Fitch downgrades conglomerate Hayleys Ltd

June 1, 2006 (LBO) – Sri Lanka’s conglomerate Hayleys Ltd’s credit outlook Thursday was downgraded to ‘AA (lka)’ by Fitch Ratings Lanka, to reflect the group’s weak earnings. Hayleys is one of Sri Lanka’s old conglomerates with diversified interest including the making and exporting fibre-based products, rubber gloves and coconut-based activated carbon, sale of agriculture-related equipment and consumer durables, ship-owning and other transportation and logistics services, agricultural produce and plantations.

The group’s credit outlook has been rated ‘stable’, following the downgrade.

“The downgrade reflects the continued weakening of Hayleys’ creditor protection metrics and the lack of a sound strategy to address these developments,” the rating agency said.

The agency recognises that FY06 was a particularly difficult year for the company as its earnings were seriously affected by high raw material prices and adverse currency volatilities.

The agency, however, expects some relief in raw material prices and relatively benign currency movements in FY07, which should lead to better earnings and operating cash flow generation.

“Any improvements in the creditor protection measures are expected to be limited given the continuing capital expenditure and the high incremental working capital requirement.”

The rating continues to incorporate the diversified nature of Hayleys’ business operations and its established brand name in its respective businesses.

Hayleys has achieved robust sales growth in recent years through the expansion of its traditional businesses and by venturing into new areas.

The company has taken initiatives to set up offshore manufacturing units to broaden its manufacturing capacity and ensure better access to raw materials in several business sectors.

Fitch expects this to add more stability to the operating results of the company.

The agency, however, notes that much of Hayleys’ investments have been debt-financed.

Moreover, the annual incremental working capital requirement of some of the company’s businesses absorbs around 40 percent to 60 percent of its cash flows generated, adding further pressure on its free cash flows.

Fitch expects Hayleys to maintain its capex at an increased level of about six to seven percent of annual group sales.

At the same time, the agency believes that its management recognises the need to prune some of the underperforming business units that are a drag on the group’s performance and to critically review the investment portfolio of the company.

The agency notes that Hayleys’ equity infusions have been limited to annual rights issues of about 100 million rupees.

“Although a sizeable equity infusion is helpful, it will require the existing key shareholders to commit required funding or agree to a dilution of ownership share.”

Leverage measured by net debt/EBITDA was 2.3 times for FY05, which increased to 2.8 times at FYE06, reflecting an increased in debt and a weakened earnings.

The Stable Outlook underpins Fitch’s view that the expected improvements in the operating conditions will benefit the group in FY07 and lead to improved credit metrics.

That said, capital expenditure will have to be conservative, particularly if they are to be mainly debt-financed, to avoid further pressure on the rating or its outlook.

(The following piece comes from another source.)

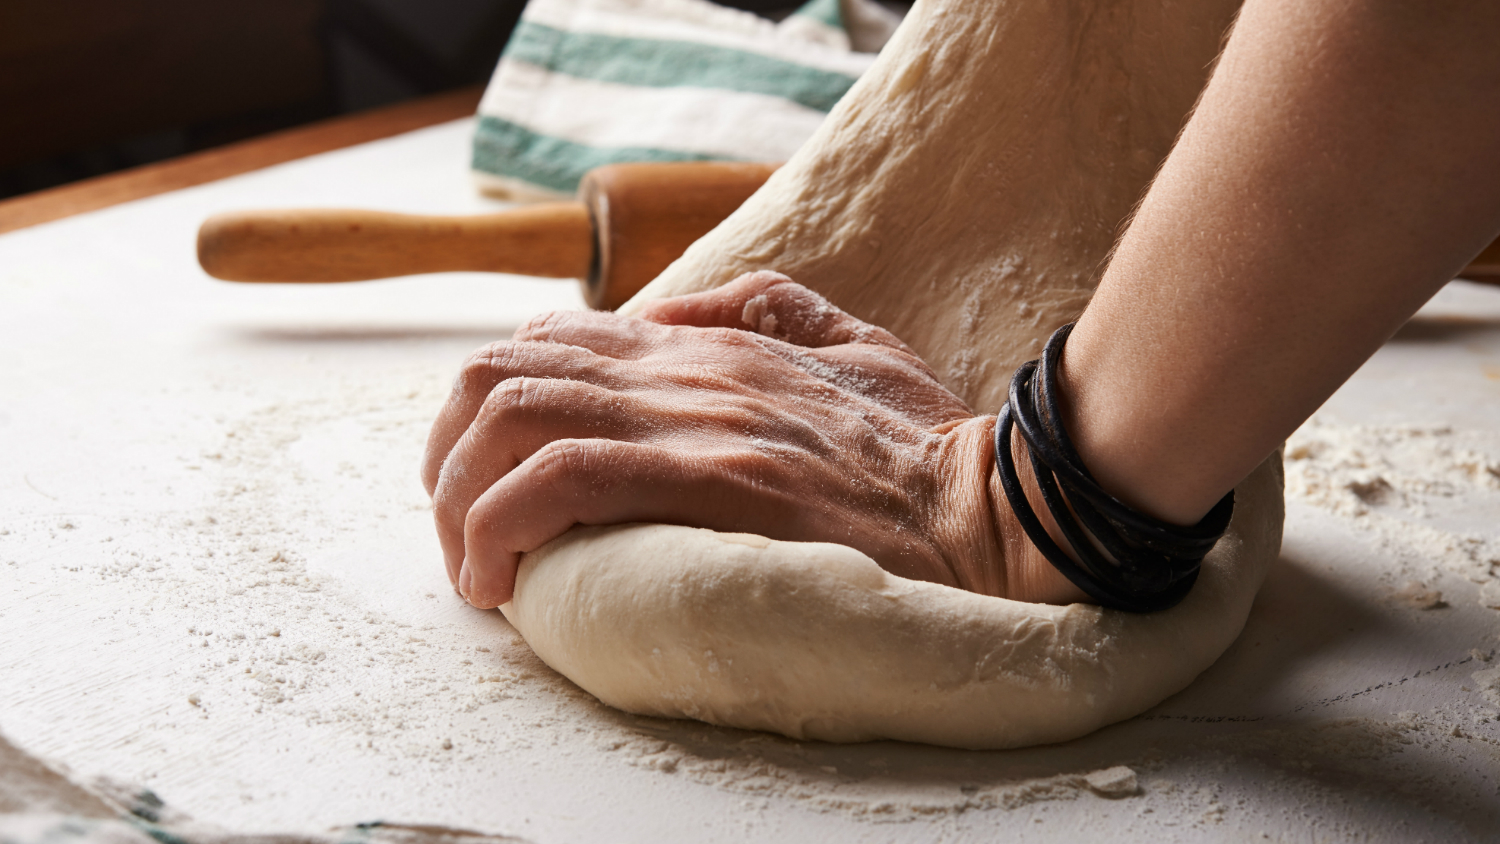 A photo of hands kneading bread

Fitch had revised Hayleys’ rating Outlook to Negative in January 2005, reflecting the increasing leverage of the company driven by large debt funded investments.

Hayleys’ total debt was 9.8 billion rupees at FYE06 (up from 8.1 billion rupees at FYE05).

Broadly, two-thirds of its debt consists of short-term and floating rate facilities, and exposes the group to changes in interest rates.

Maturity profile of its long-term debt is spread out and is manageable.

The group had cash reserves of 2.0 billion rupees and some 6.0 billion rupees of committed, undrawn credit facilities at FYE06.

Although the group’s borrowing capacity with a few large local banks is stretched owing to single borrower restrictions, its liquidity and financial flexibility appear adequate under current circumstances.

Hayleys Limited is one of Sri Lanka’s largest and most diversified conglomerates and has been established for more than 125 years. About 60 percent of the company’s revenue is derived from sales to overseas markets.